→ **Exercise data**:
*** Begin section ***

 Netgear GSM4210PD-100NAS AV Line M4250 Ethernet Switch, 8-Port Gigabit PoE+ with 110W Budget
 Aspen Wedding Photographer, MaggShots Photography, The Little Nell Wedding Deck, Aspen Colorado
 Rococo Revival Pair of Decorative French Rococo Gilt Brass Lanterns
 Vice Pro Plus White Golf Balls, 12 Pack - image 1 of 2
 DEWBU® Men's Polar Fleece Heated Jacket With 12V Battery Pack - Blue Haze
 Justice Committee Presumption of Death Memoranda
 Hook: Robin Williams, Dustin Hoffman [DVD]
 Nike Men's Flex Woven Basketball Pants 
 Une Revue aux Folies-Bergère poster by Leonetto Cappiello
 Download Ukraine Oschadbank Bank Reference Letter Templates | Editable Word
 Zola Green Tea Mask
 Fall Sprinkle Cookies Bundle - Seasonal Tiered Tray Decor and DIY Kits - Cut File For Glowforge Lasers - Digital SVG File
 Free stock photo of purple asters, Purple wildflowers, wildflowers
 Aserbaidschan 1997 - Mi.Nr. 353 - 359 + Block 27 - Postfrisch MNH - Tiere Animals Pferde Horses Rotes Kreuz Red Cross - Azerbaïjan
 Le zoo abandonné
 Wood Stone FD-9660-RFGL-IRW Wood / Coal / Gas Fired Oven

*** End section ***

→ **Exercise objective**:
Every line from the one containing "Hook: Robin Williams, Dustin Hoffman [DVD]" through the last line of the entries must be written out verbatim, and no other line.

→ **Expected answer**:
 Hook: Robin Williams, Dustin Hoffman [DVD]
 Nike Men's Flex Woven Basketball Pants 
 Une Revue aux Folies-Bergère poster by Leonetto Cappiello
 Download Ukraine Oschadbank Bank Reference Letter Templates | Editable Word
 Zola Green Tea Mask
 Fall Sprinkle Cookies Bundle - Seasonal Tiered Tray Decor and DIY Kits - Cut File For Glowforge Lasers - Digital SVG File
 Free stock photo of purple asters, Purple wildflowers, wildflowers
 Aserbaidschan 1997 - Mi.Nr. 353 - 359 + Block 27 - Postfrisch MNH - Tiere Animals Pferde Horses Rotes Kreuz Red Cross - Azerbaïjan
 Le zoo abandonné
 Wood Stone FD-9660-RFGL-IRW Wood / Coal / Gas Fired Oven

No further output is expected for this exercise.